В январе 1938 г. была дана директива восстанавливать в партии лиц, исключенных без уважительных причин. Это, однако, отнюдь не означало смягчения чистки, а было вызвано тем, что в ее разгар, когда во всех областях и краях пытались свалить ответственность на плечи ниже стоящих, пострадало немало лиц, преданных Сталину. Нужно было их спасать. Однако чистка против элементов, враждебных Сталину, в дальнейшем, вероятно, будет носить более ожесточенный характер.

Работа по чистке началась с исключения троцкистов, зи-новьевцев и правых, которые когда-либо выступали против Сталина. Затем в интересах укрепления его диктатуры чистка распространилась и на видных деятелей революции, которые много лет были союзниками Сталина. В настоящее время она охватила всю партию, все советские и хозяйственные органы, Красную армию, НКВД и т. д., т. е. она распространилась на несколько миллионов человек.

Подозрительность Сталина, по мнению Люшкова, стала болезненной. Он не способен делать правильную оценку обстановки. Воображение Ежова, который изо дня в день изобретал новые дела, не способствует этому. То обстоятельство, что во всех Республиках и областях СССР все время возникали дела, связанные с чисткой, объяснялось тем, что люди боятся ответственности за плохую работу и при помощи воображения находят преступников. В результате страдают невинные, что вызывает недовольство народных масс. И это в свою очередь порождает новые причины для дальнейшей не знающей пределов чистки.

С другой стороны, все руководители политических, экономических и других органов, как было сказано, работают по приказам Сталина. Однако в тех случаях, когда политика Сталина меняется, то при неблагоприятных результатах детального выполнения этих директив вина моментально перекладывается на них, и они становятся жертвами чистки. Ясно, что при таком положении чистка никогда не сможет прекратиться.

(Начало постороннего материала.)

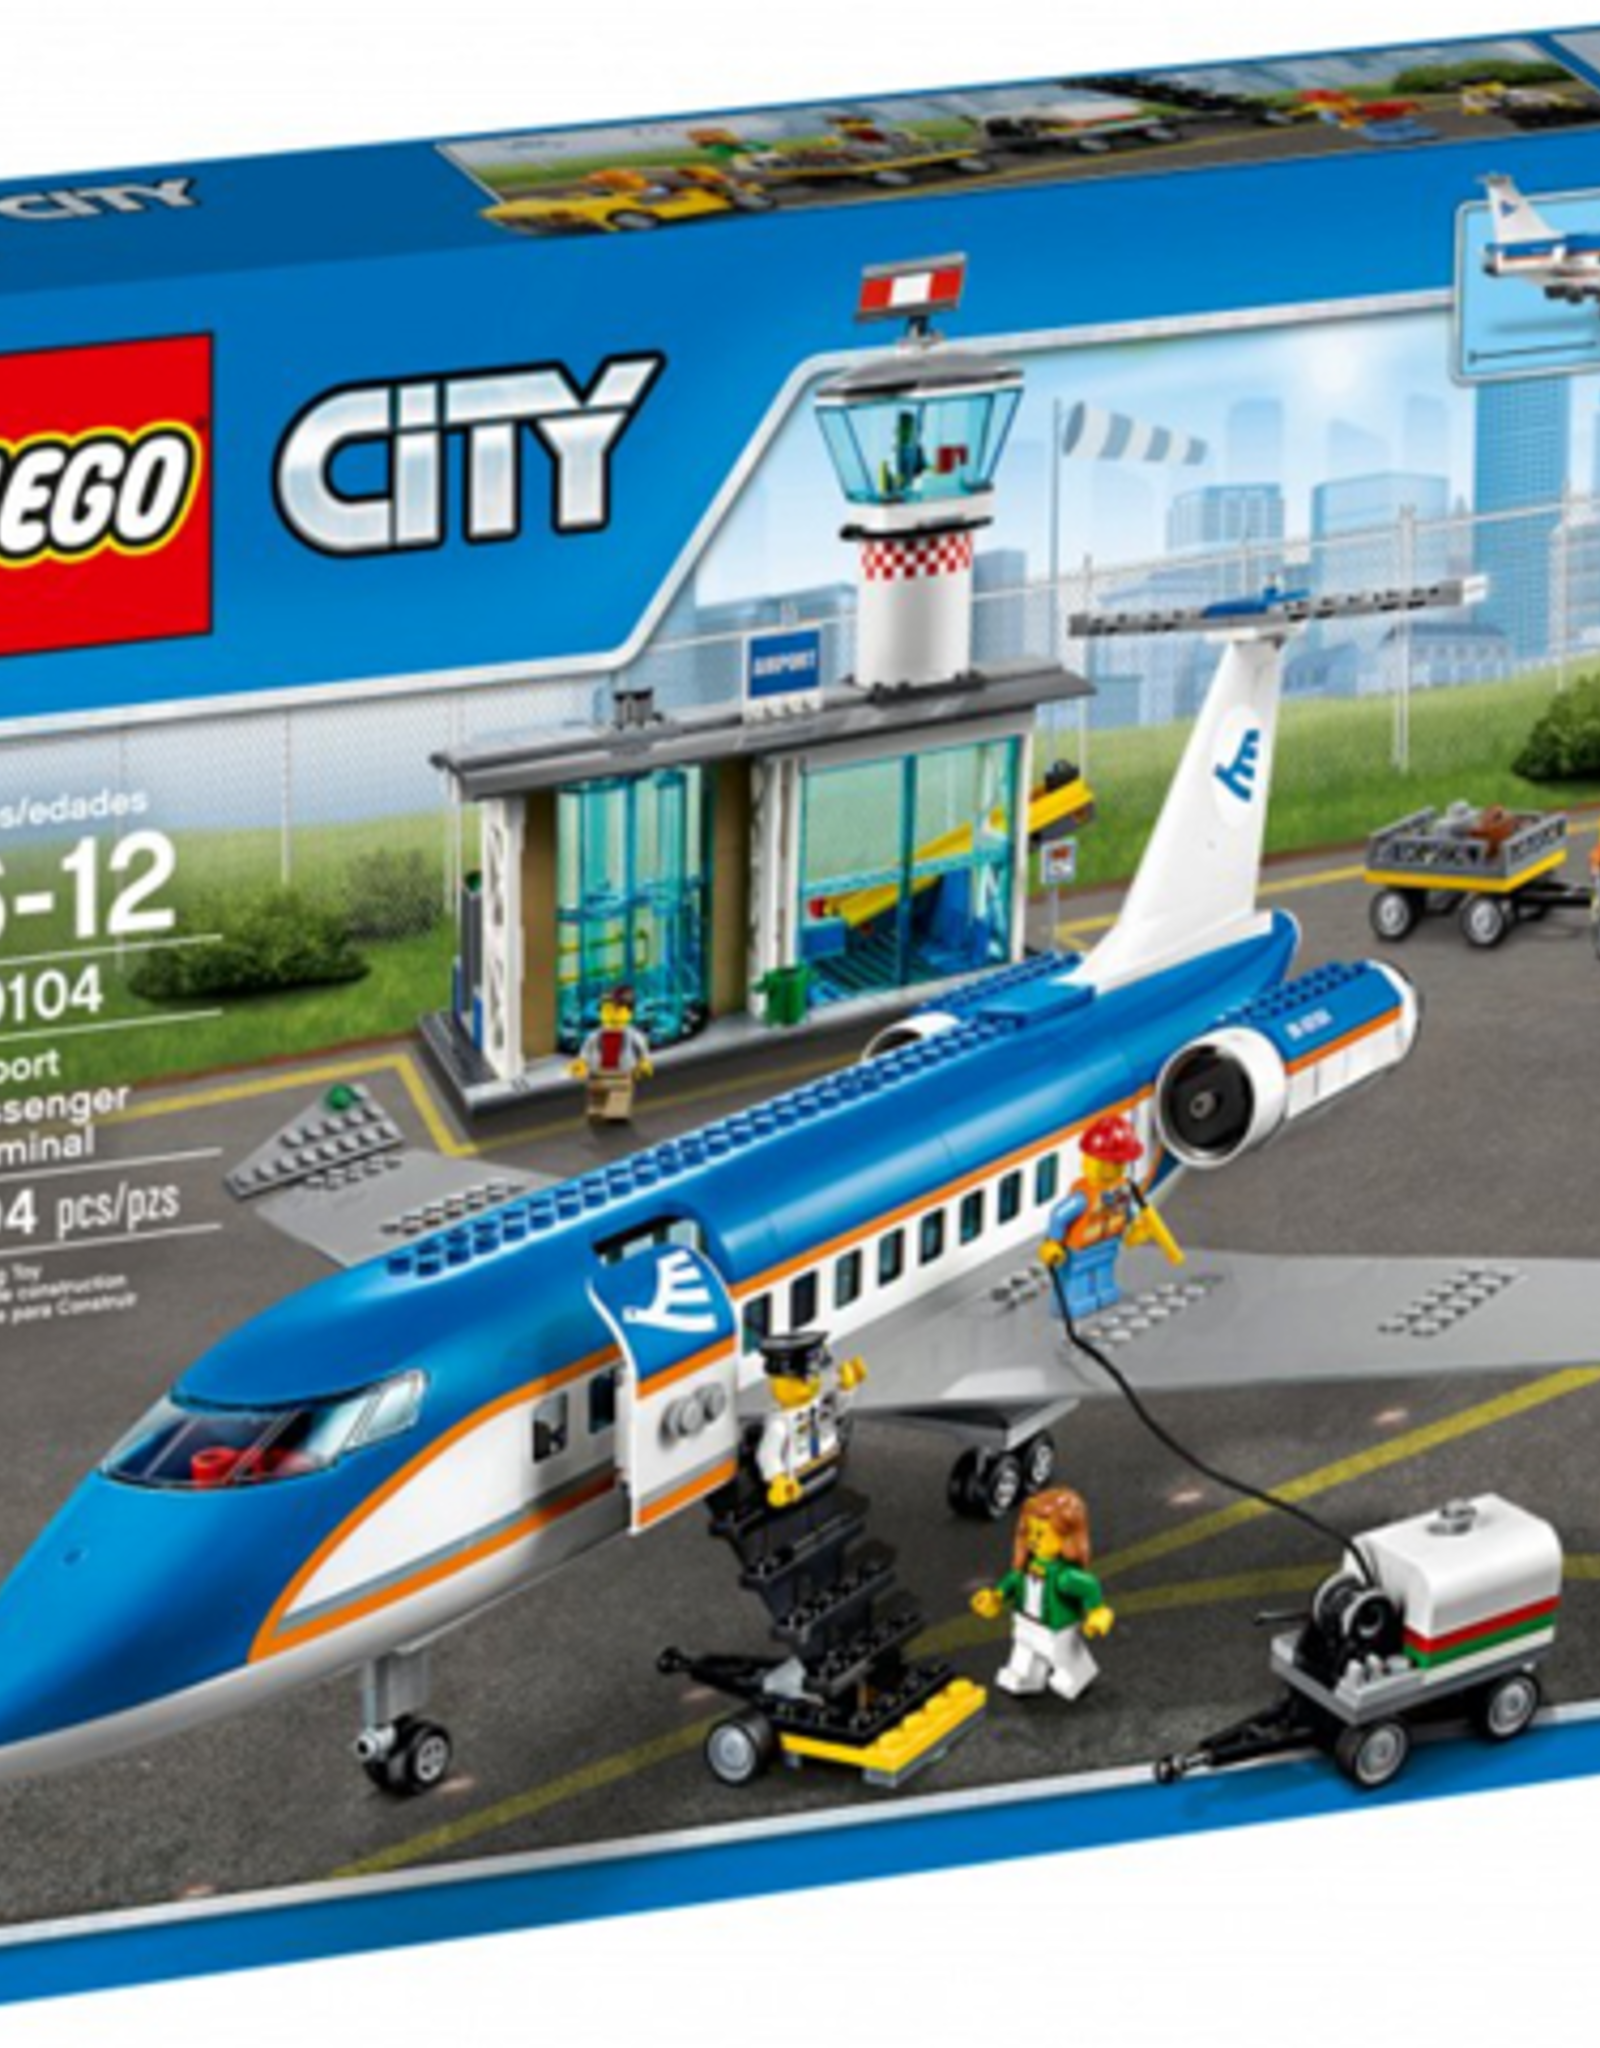 LEGO LEGO 60104 Airport Passenger Terminal CITY

Неустойчивость Сталинской политики проявляется в вопросе о назначении руководящих работников. Он их постоянно перетасовывает, что лишает их уверенности в своих силах и ввергает в беспокойство за завтрашний день.

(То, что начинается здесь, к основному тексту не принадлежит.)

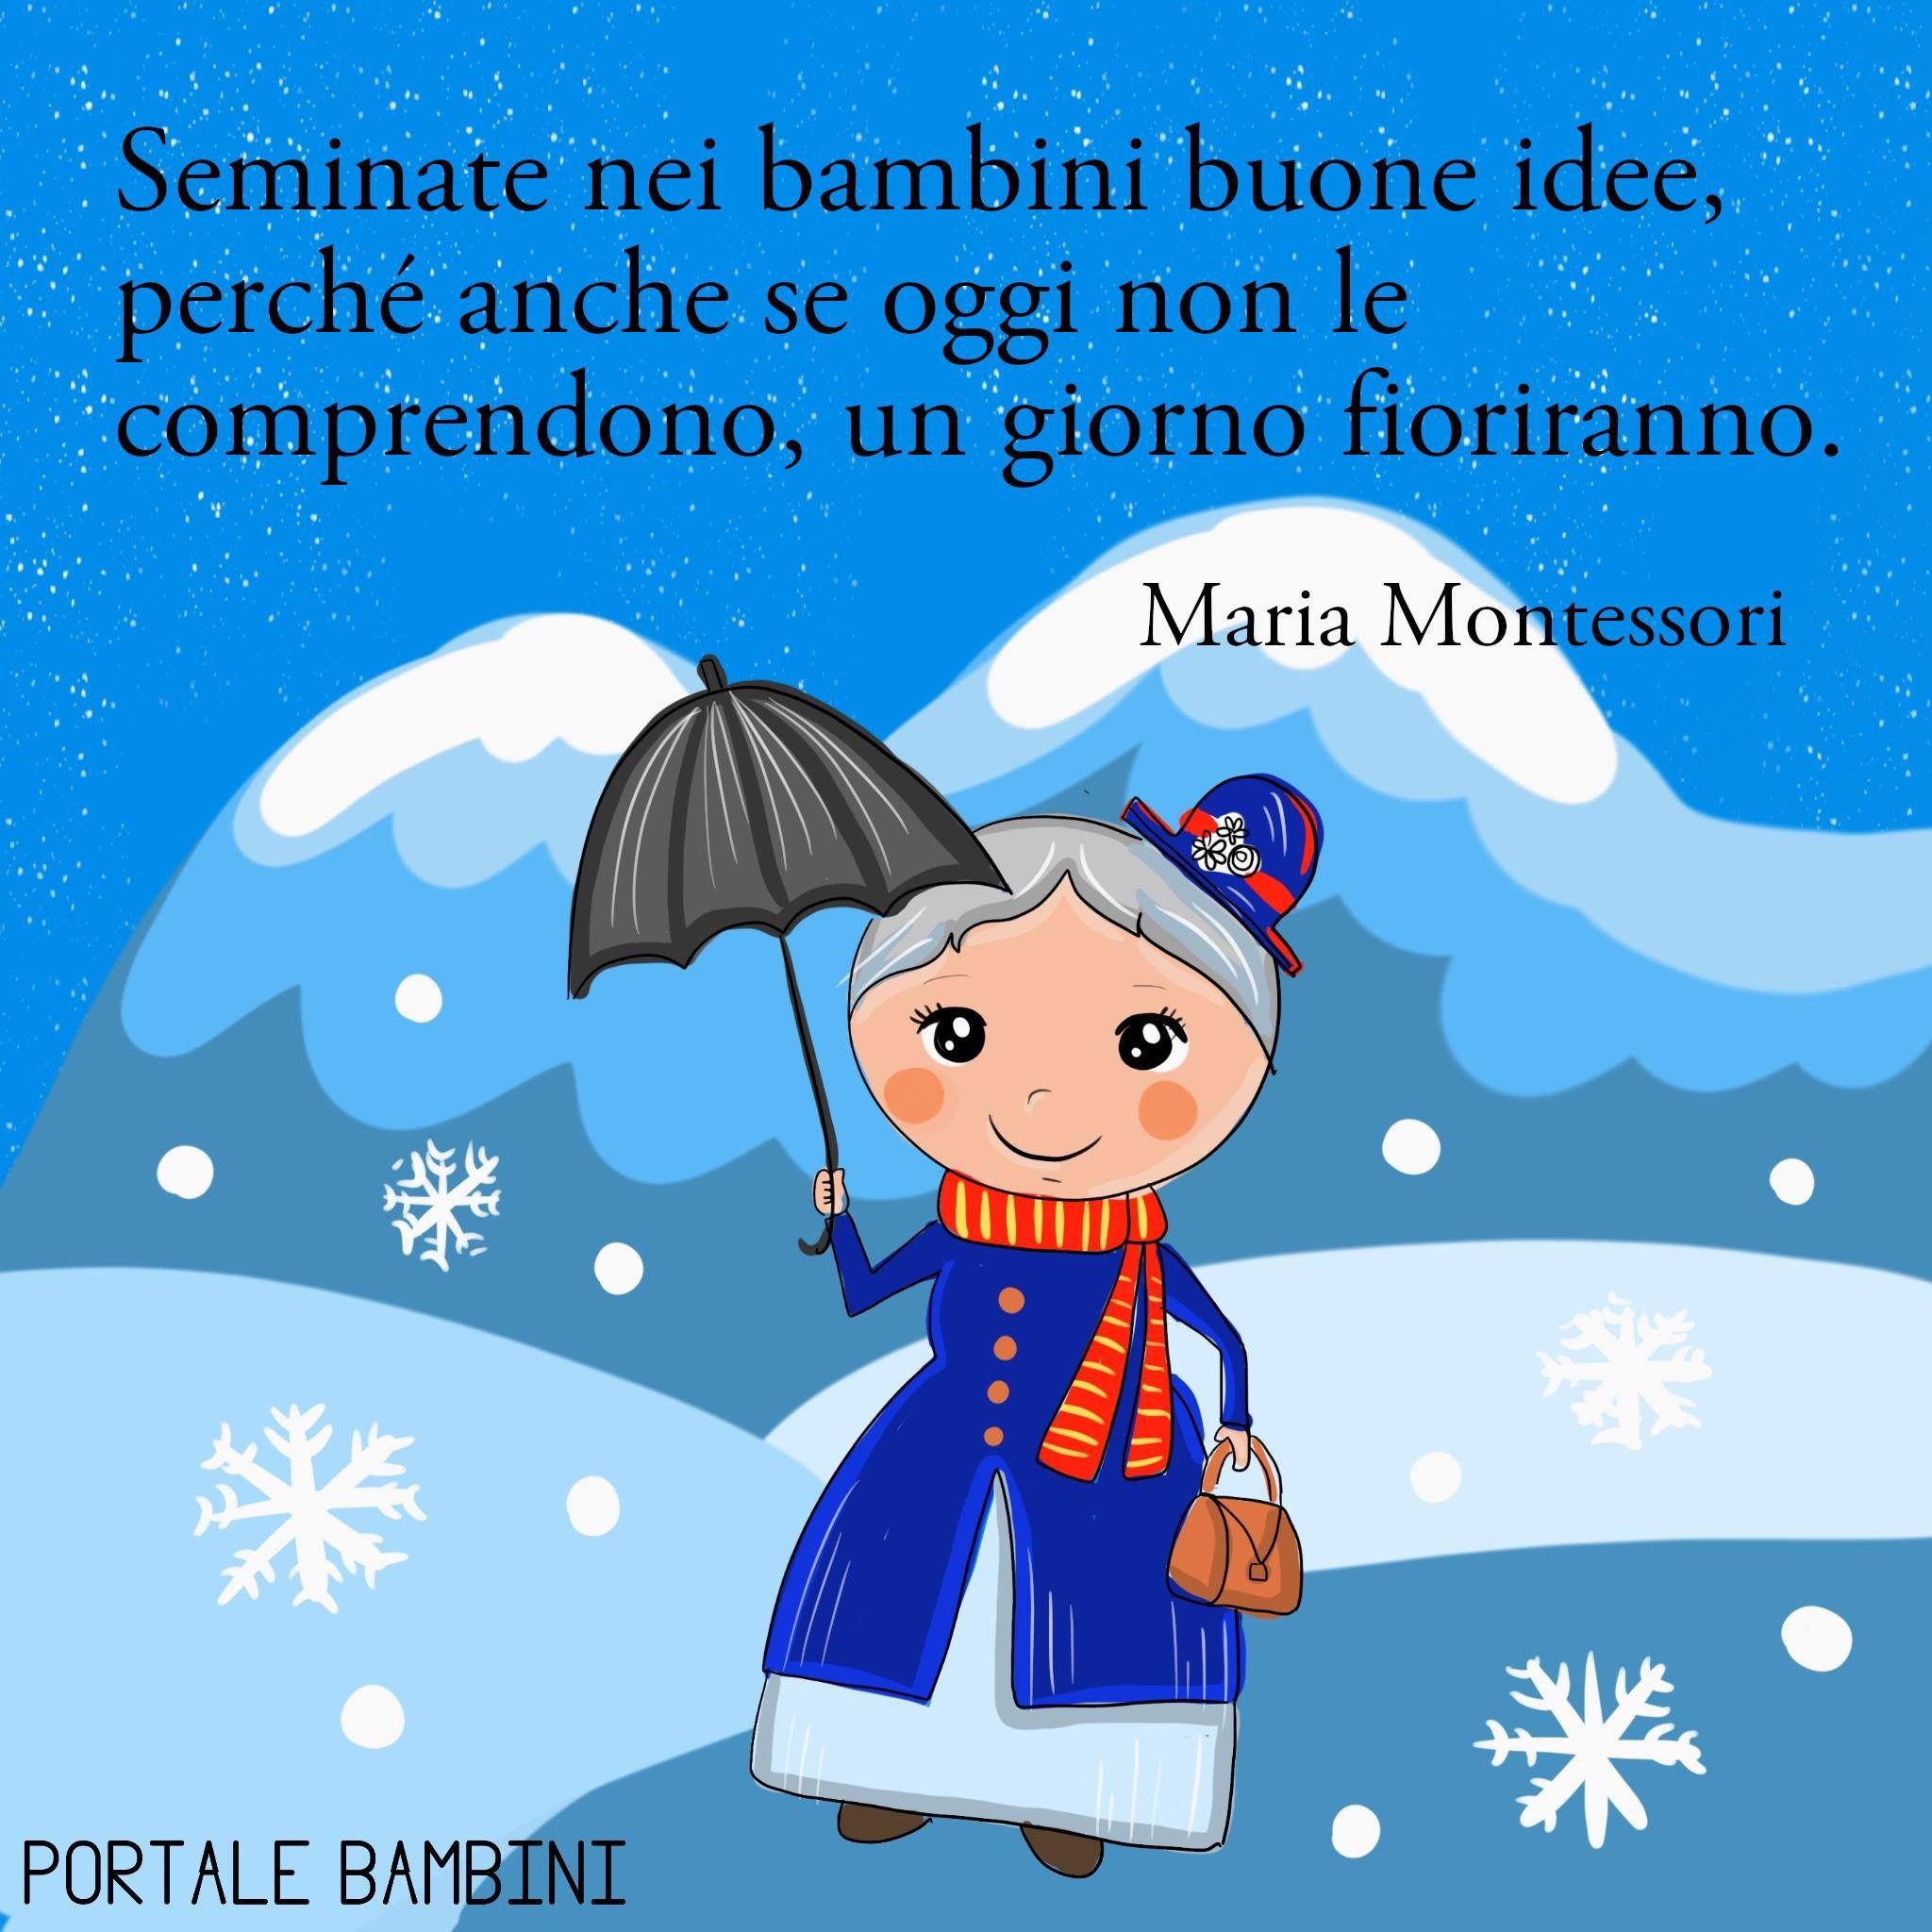 Le Frasi Piu Belle E Significative Di Maria Montessori Frasi Sui

Руководители административных и хозяйственных органов работают по планам и директивам, составленным ЦК партии, т. е. по планам и директивам Сталина. Эти директивы зачастую невыполнимы. В этих случаях ответственность падает и на других руководящих работников. Сталин никогда не был виноват, виновны были всегда исполнители.

Люшков сообщил, что для многих колхозников типичны настроения недовольства экономическими результатами колхозного строя.

В деревне производятся жесткие репрессии, бесчисленные аресты и высылка лиц, не подчиняющихся решению БКП(б) по коллективизации сельского хозяйства. Бее, кто имел немного своей земли, арестовывались, после чего их земля конфисковывалась. Однако осталось еще очень много недовольных. Семьи репрессированных, их родственники и друзья таят в душе злобу. Заметно, что крестьяне недовольны колхозным строем[377].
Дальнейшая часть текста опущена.